The family serves as a lens to highlight aspects of collective catastrophe management that are often overlooked, bringing certain vulnerabilities to the fore or exacerbating tensions that may exist within communities. How do catastrophes and the measures put in place to care for victims transform relationships and kinship structures? What's more, some catastrophes occur at the small-scale level of the family, or even of individual lives: how do they affect the social fabric, and what inequalities do they give rise to or uncover anew? How are family dynamics, be they economic or spatial, recomposed? How do catastrophes induce changes in family trajectories?

5. Social (re)configurations

Catastrophes are revelatory of social structures as much as they are transformative. From gender norms to commensality rules or class hierarchies—everything is turned upside down by a catastrophe, although it does not affect all social groups in the same way.
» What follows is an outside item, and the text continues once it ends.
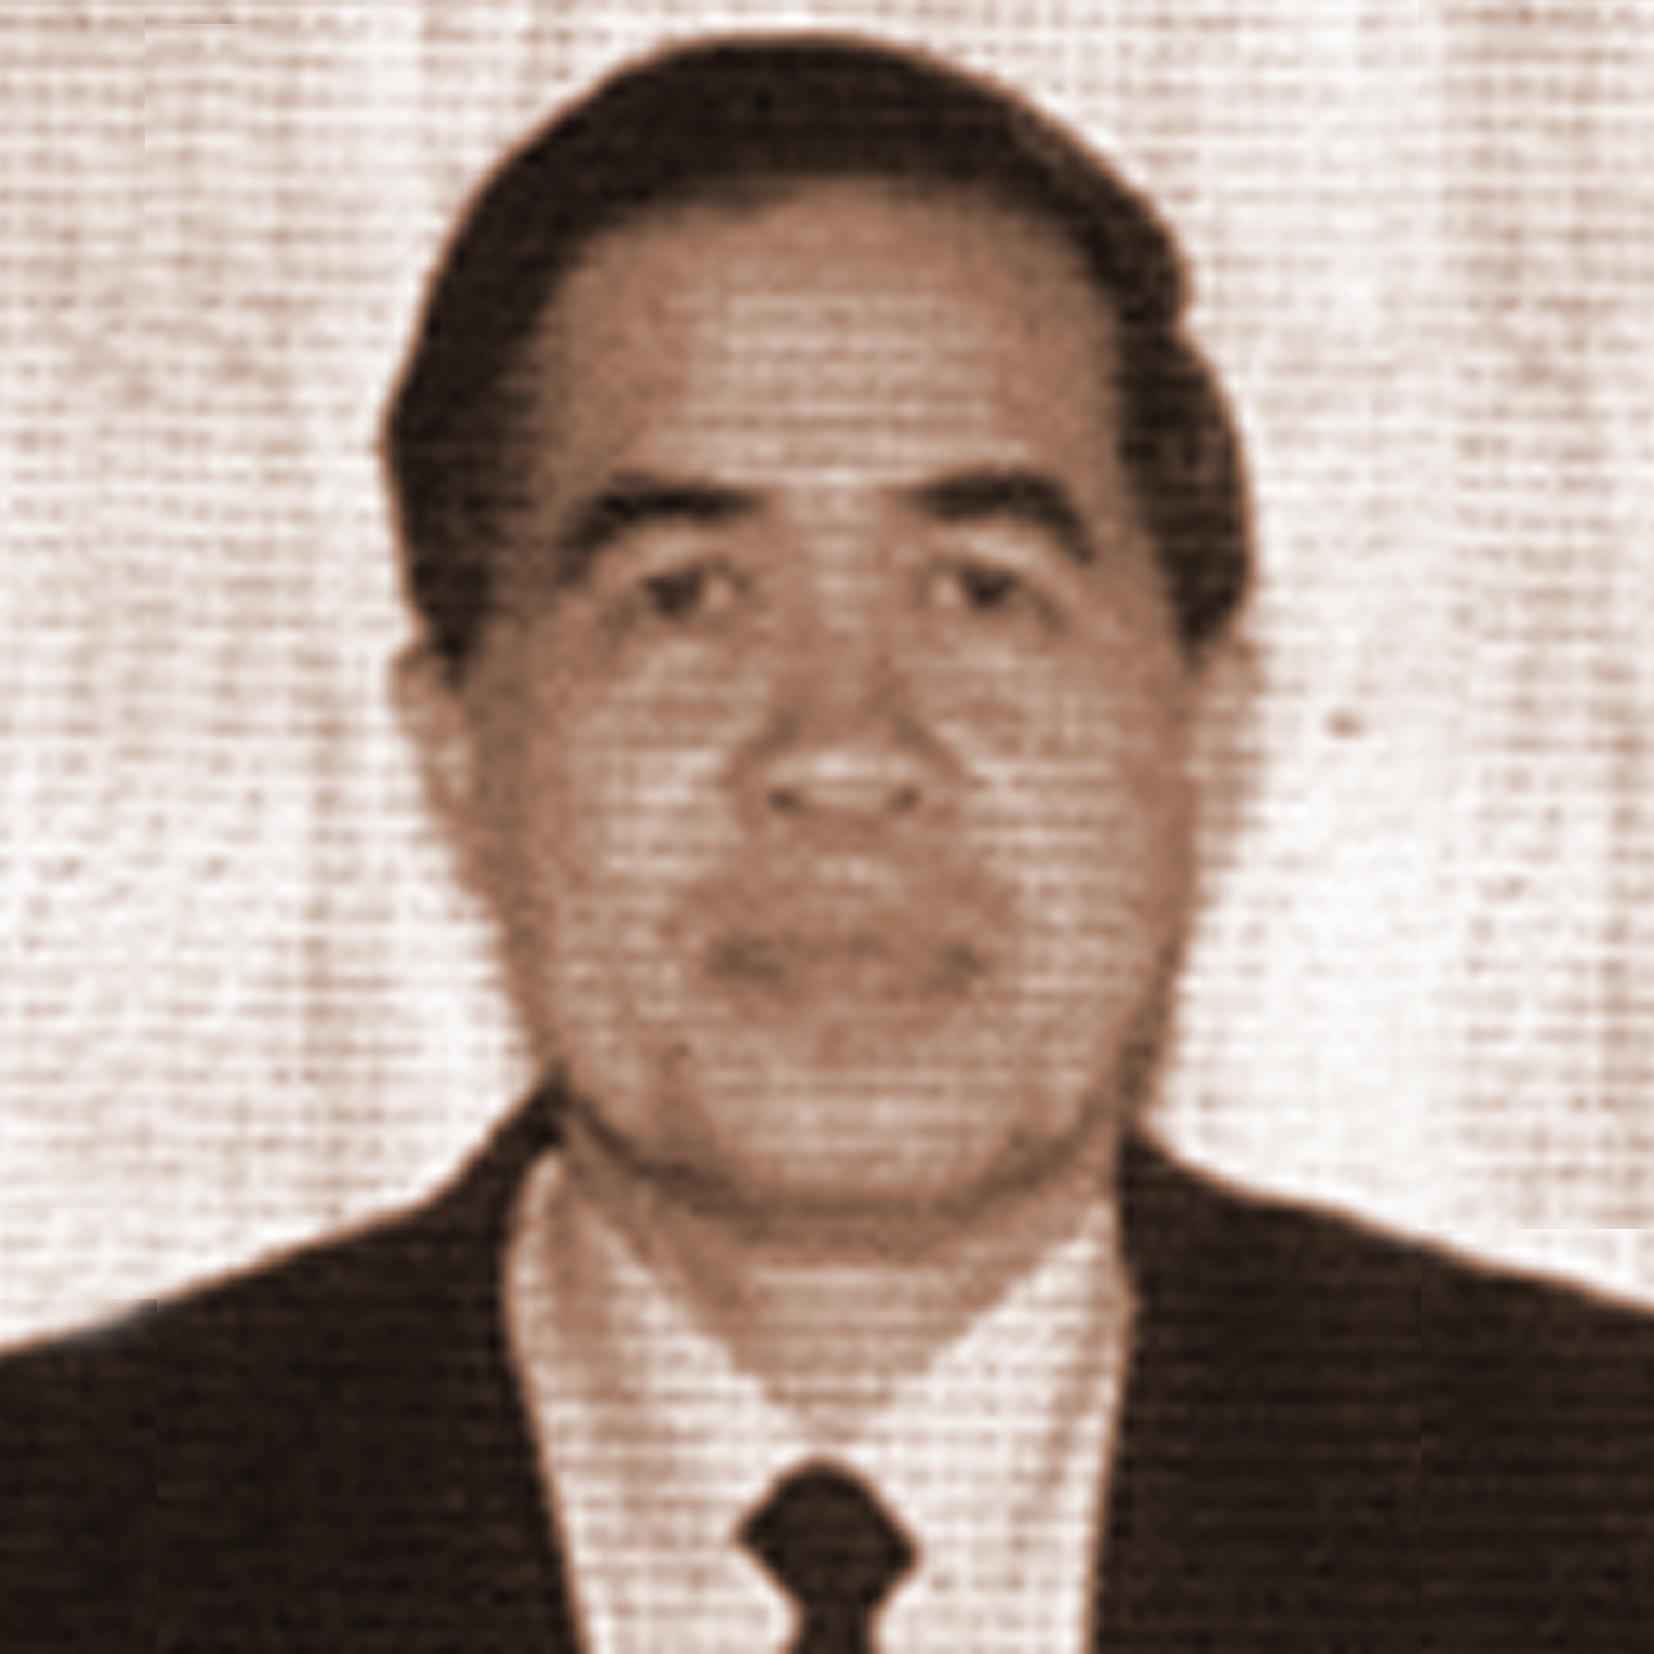 ผู้ช่วยศาสตราจารย์ ดร.ชวลิต พุทธวงศ์

What perspective on social hierarchies does a catastrophe provide? Does it provide an opportunity to imagine society in a new way, to imagine the aftermath? Or does it, on the contrary, reinforce pre-existing vulnerabilities, crystallizing relations of domination? What resources can be mobilized for such reconstruction, and what forms of emancipation or, on the contrary, domination are revealed?

6. Figurations of catastrophe

Arts and literatures have often been the first to weave—and sometimes on a massive scale—a tale of catastrophe, preceding history and its supposed objectivity. What narratives and representations do they produce? Can they document catastrophes, and if so, how? Finally, what do they tell us about the contexts in which they were produced, and what do they teach us about the ways in which catastrophes are memorialized and constituted as a heritage? We will also be looking at the cathartic and therapeutic functions of representations of catastrophe, as well as at their role in community formation: how do arts and literatures contribute to "living-after"? What do dystopian representations—or, conversely, utopias—have to say about post-catastrophe imaginaries and ways of life?

 
We have selected around 25 papers from the many interesting proposals received and are currently finalizing the conference programme.